As this standards year soon comes full circle (World Standards Day is October 14th) we should resolve that next year our goal (objective) for Quality should be to keep it simple and effective.

Monday, August 22, 2011

Quality Management Education



In 1994 I was invited to become the Chair of the Canadian Advisory Committee to the ISO Technical Committee 212 and to become a member of working group that was to design a new quality standard for medical laboratories.  That document became known as ISO 15189:2003 – Medical laboratories - particular requirements for quality and competency.
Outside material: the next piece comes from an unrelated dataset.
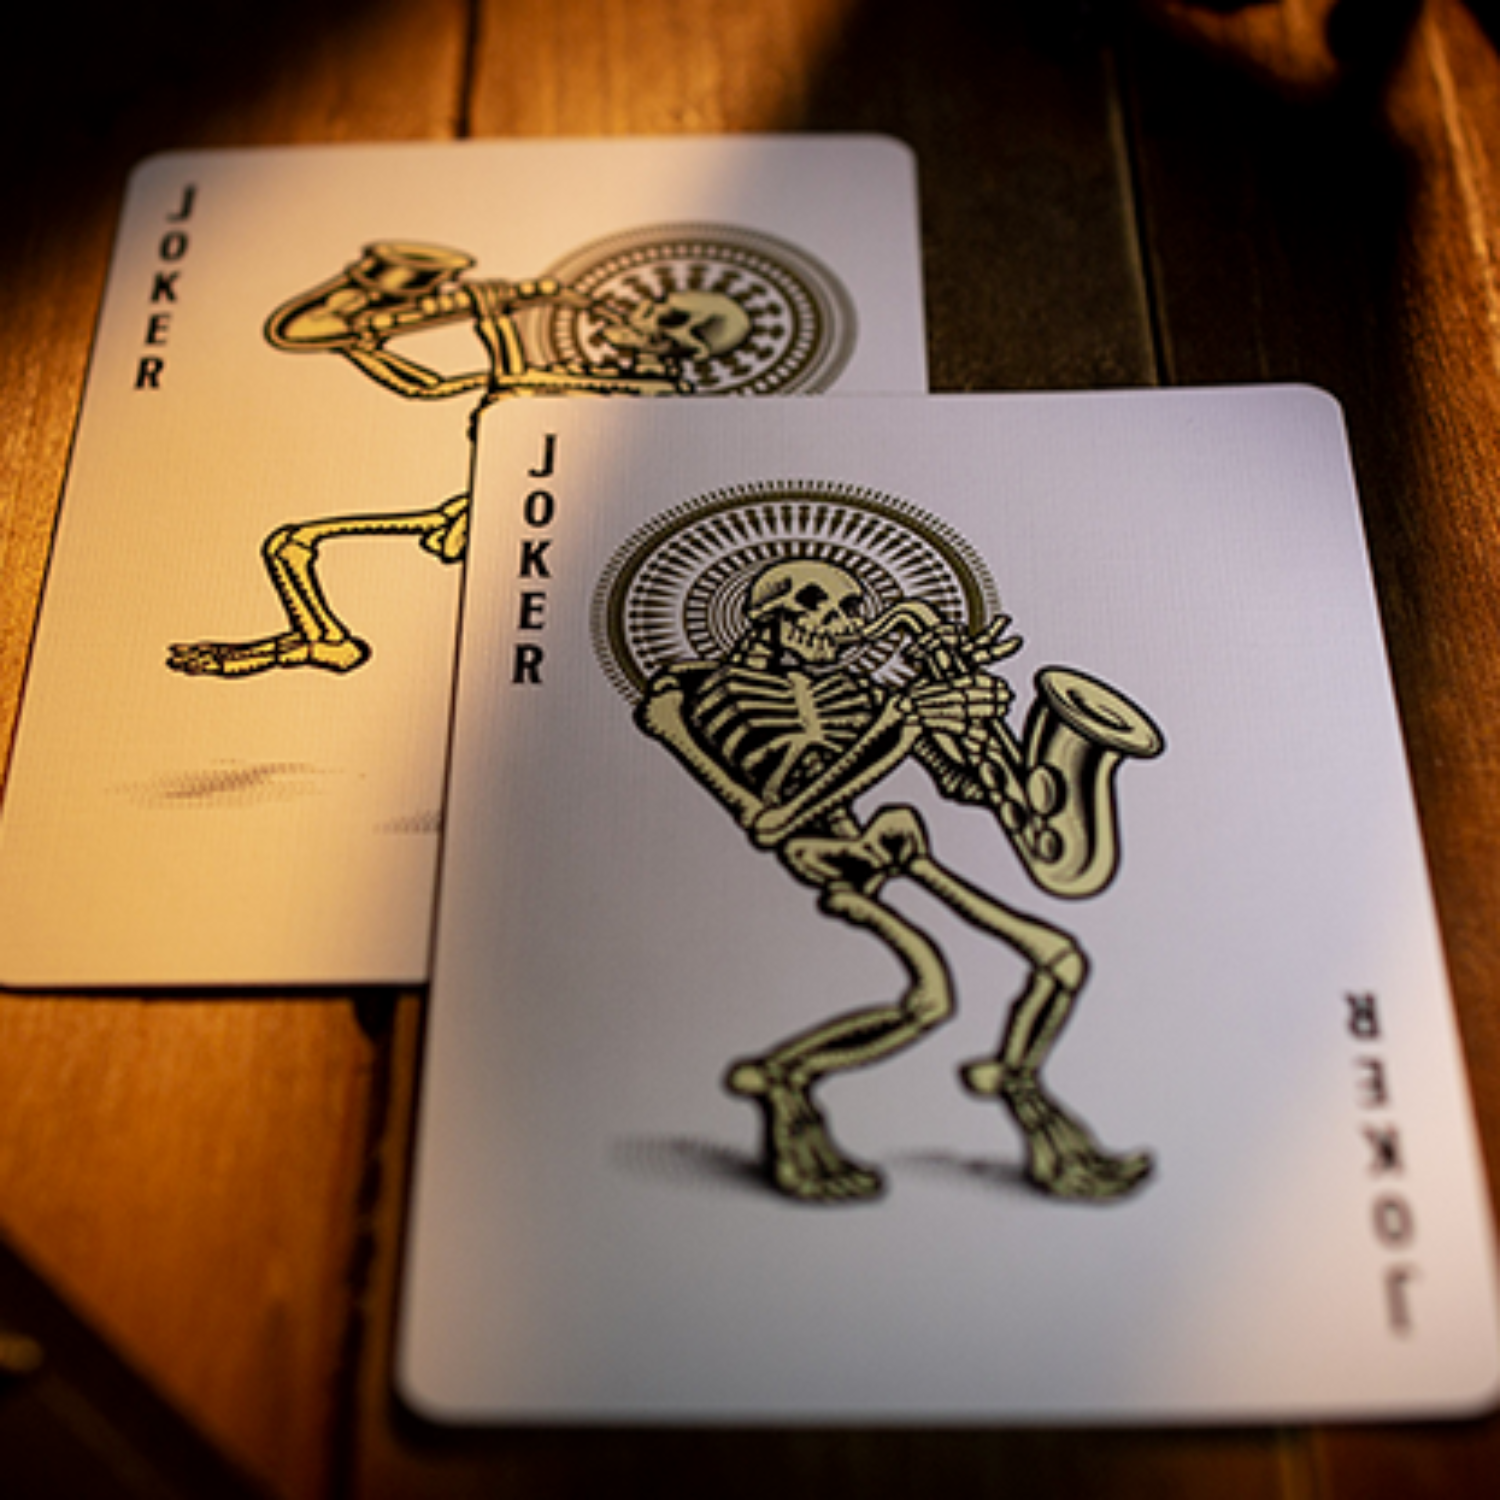 [스켈스트루먼트덱]Skelstrument Playing Cards Printed by US Playing Card

One of the requirements of 15189 was that since quality initiatives would likely not be effectively incorporated into medical laboratories if we continued with quality being an “off the side of the desk” task of the senior technologist, medical laboratories should identify a person who could commit more time and effort to the process.  That position was called a Quality Manager.  It was a good idea.

In Canada this was going to be a bit of a problem because more laboratories or schools of technology had no idea about what a quality manager was going to do, and what sort of information they would require.  So at the University of British Columbia we decided to take on the task of creating a course.  A few decisions were made.  The program should be available for people who worked in medical laboratories for at least 5 years, regardless of their background.  A prior BSc degree would not a requirement.   The course should be available as an on-line program so that people could take it without having to quit working or travel to Vancouver.  The course should be interactive so that the people taking the course were part of a discussion group rather than being at home alone with a computer.  The course should be useful for working with 15189 but should be focussed solely on 15189.  Quality should be addressed as a broader subject. 
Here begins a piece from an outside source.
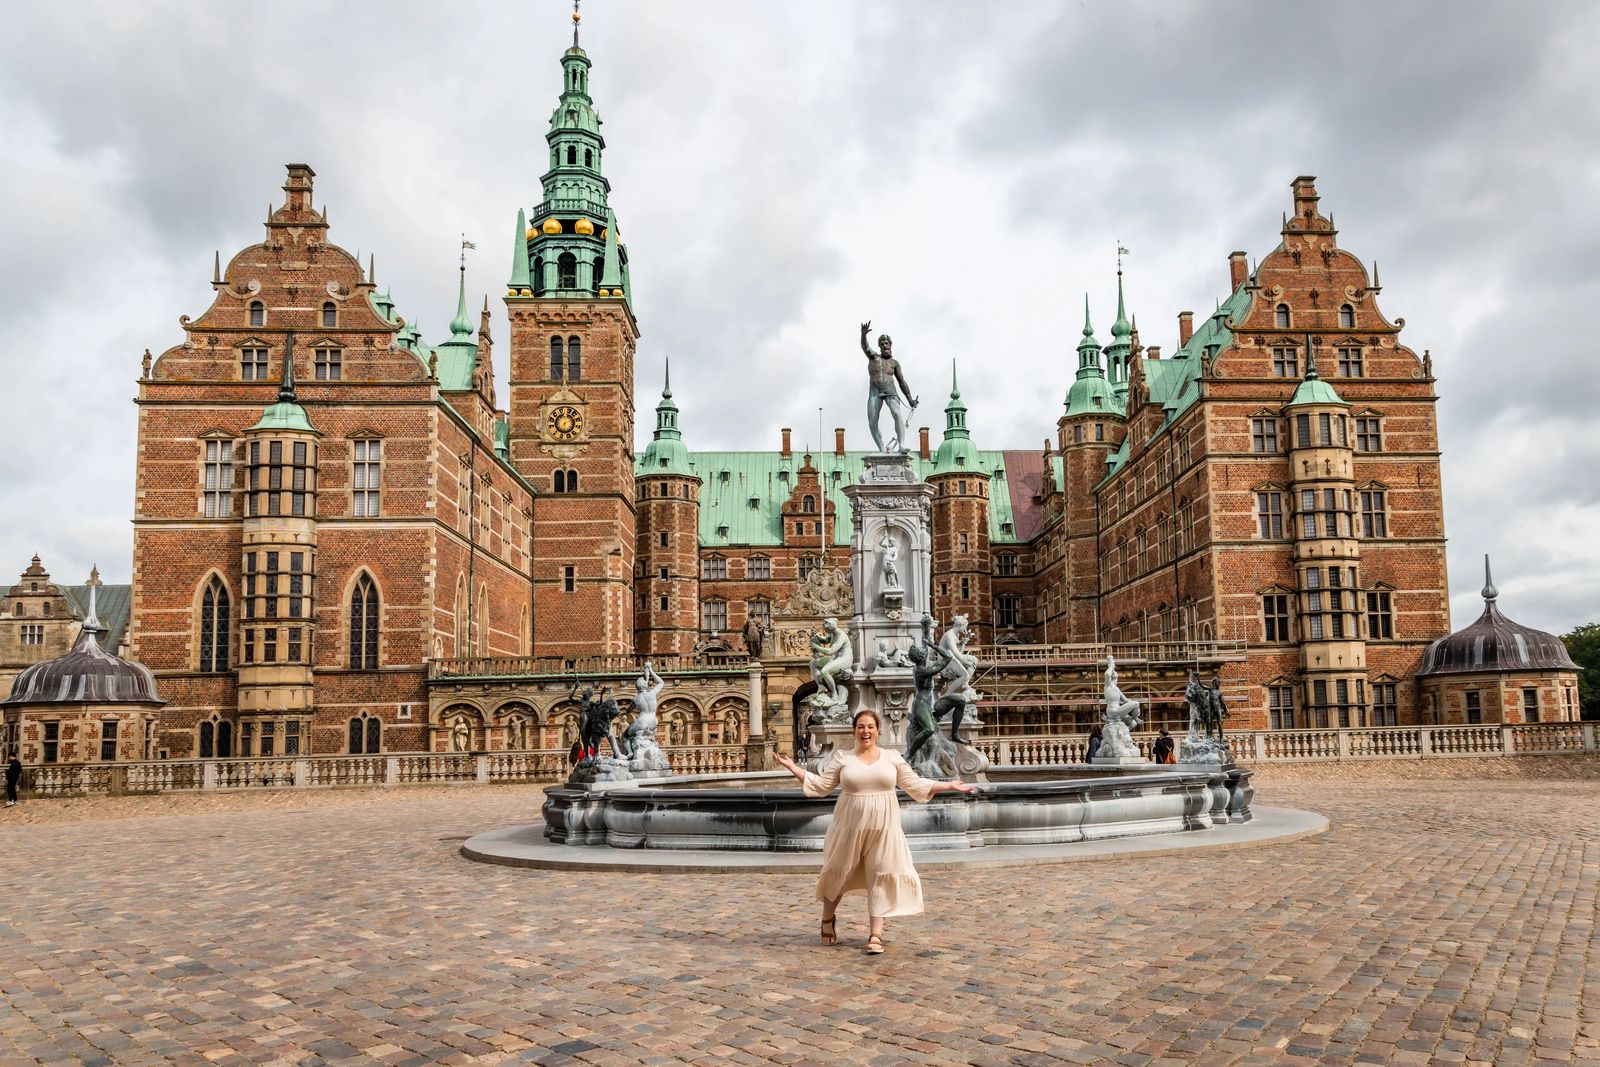 Fredricksborg Castle - best day trips from Copenhagen Denmark

So once we went through the university process, a faculty was developed and the course created, and was first offered for enrolment in 2004.  The course structure is a 20 week on-line course with opportunity for interactive discussion, either by chat or by asynchronous interaction.  The course provides a library of all the required text books, including a variety of recommended and required readings.  The course is objectively monitored and assessed and a certificate is provided for successful participants. 

The course has continued on ever since, with continual review and improvement.  Course reviews are open and transparent and available on-line.

In January 2012 we will be offering the course for its ninth year.  

The on-line start date is Wednesday January 11, 2012.   

The course continues to be driven by the same principles.  This year in addition to addressing ISO15189, it also looks at ISO 9001:2008 and ISO9004:2009.  We look at Quality Partners and the roles that they play.  We also look at Costs of Quality (and poor Quality).  We address Root Cause Analysis, FMEA, Quality Indicators, Implementing Quality, and a variety of other topics.  Most participants find that the course requires a certain commitment of some 6-12 hours a week for reading and discussion.

What started as a course primarily for British Columbian laboratorians has become popular across Canada, and internationally with participants from China, Africa, South America, Central America, Saudi Arabia, and the United States.  It has been taken by technologists, laboratory assistants, pathologists and residents. 

We will start to accept enrolments in September 2011.

For people interested, please visit www.POLQM.ca or contact our coordinator at ubcpolqm@gmail.com                   

People who have take  the course are welcome to make comments.




Tuesday, August 16, 2011

Quality means never having to say you are sorry ... TWICE


Jim writes a very contributory comment about Quality.  It is consistent with the Crosby view of Quality (Do it Right the First Time). 

Quality is the doc ordering the right test and the lab drawing the right specimen on the right patient.  The test result is right (correctly reflects what is going on in the patient) and is sent to the right person. And the price/cost is right (we're spending taxpayers money). 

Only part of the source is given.